Instructions for the task: Starting at the line below with "内なる上げるポーチSt. Ives クレンジングスティック" and stopping at the line with "かっこいい積極的なR&Bビートの再生済みの波形", please print each line exactly, those two included, and skip every picture.

Given information:

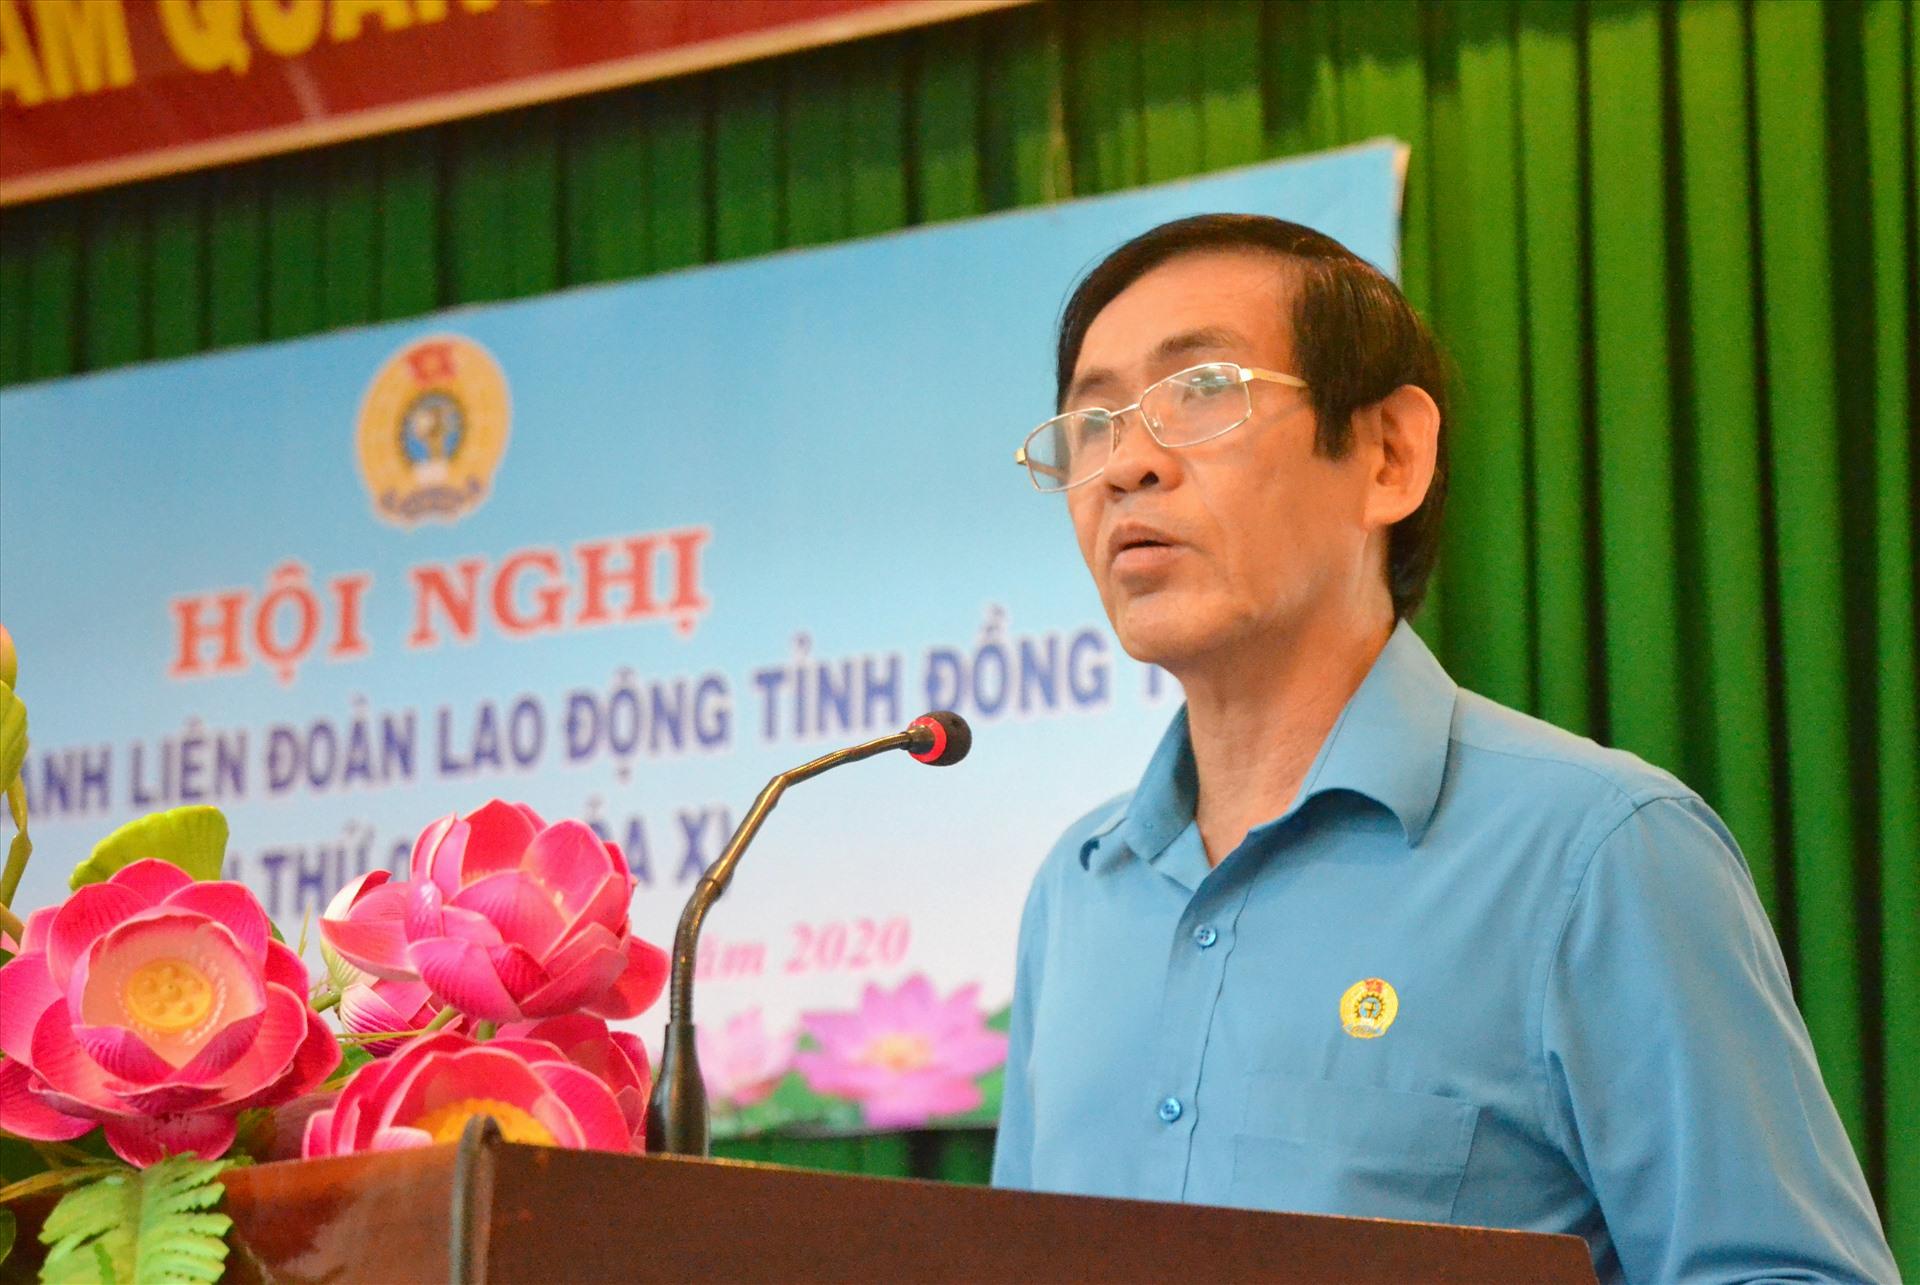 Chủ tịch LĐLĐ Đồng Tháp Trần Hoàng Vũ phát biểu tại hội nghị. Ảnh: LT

...

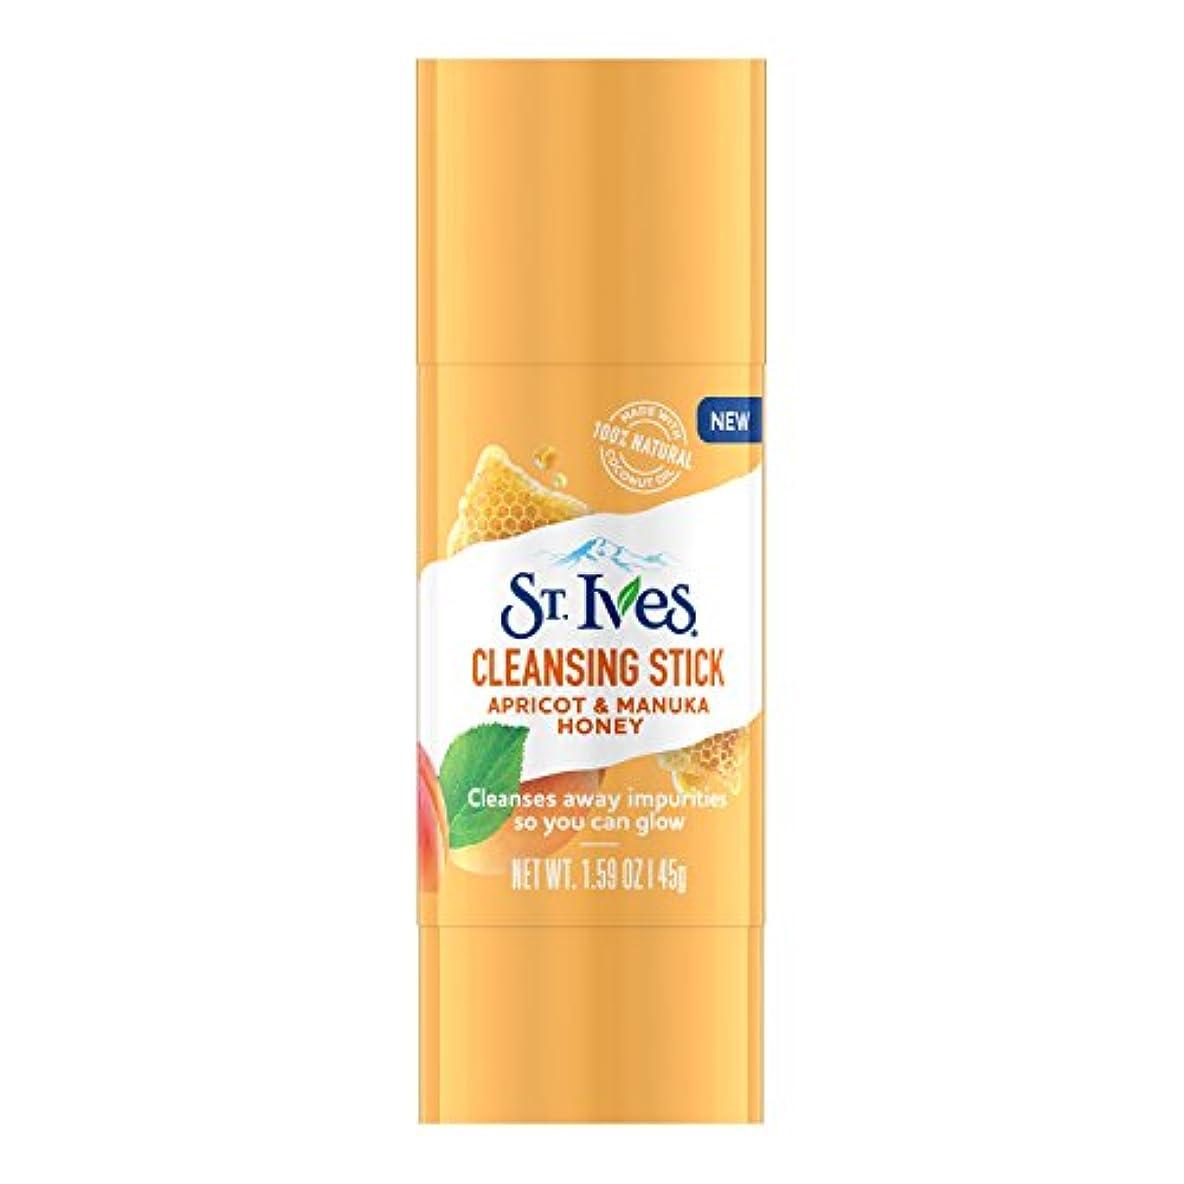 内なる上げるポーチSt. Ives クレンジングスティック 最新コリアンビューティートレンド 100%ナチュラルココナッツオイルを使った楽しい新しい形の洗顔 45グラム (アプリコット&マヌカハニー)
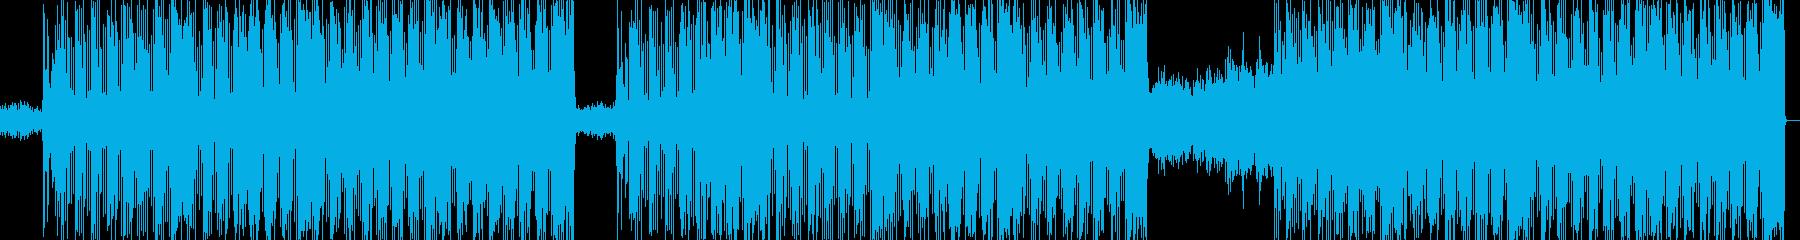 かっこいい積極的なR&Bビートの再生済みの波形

Result for this task:
 内なる上げるポーチSt. Ives クレンジングスティック 最新コリアンビューティートレンド 100%ナチュラルココナッツオイルを使った楽しい新しい形の洗顔 45グラム (アプリコット&マヌカハニー)
 かっこいい積極的なR&Bビートの再生済みの波形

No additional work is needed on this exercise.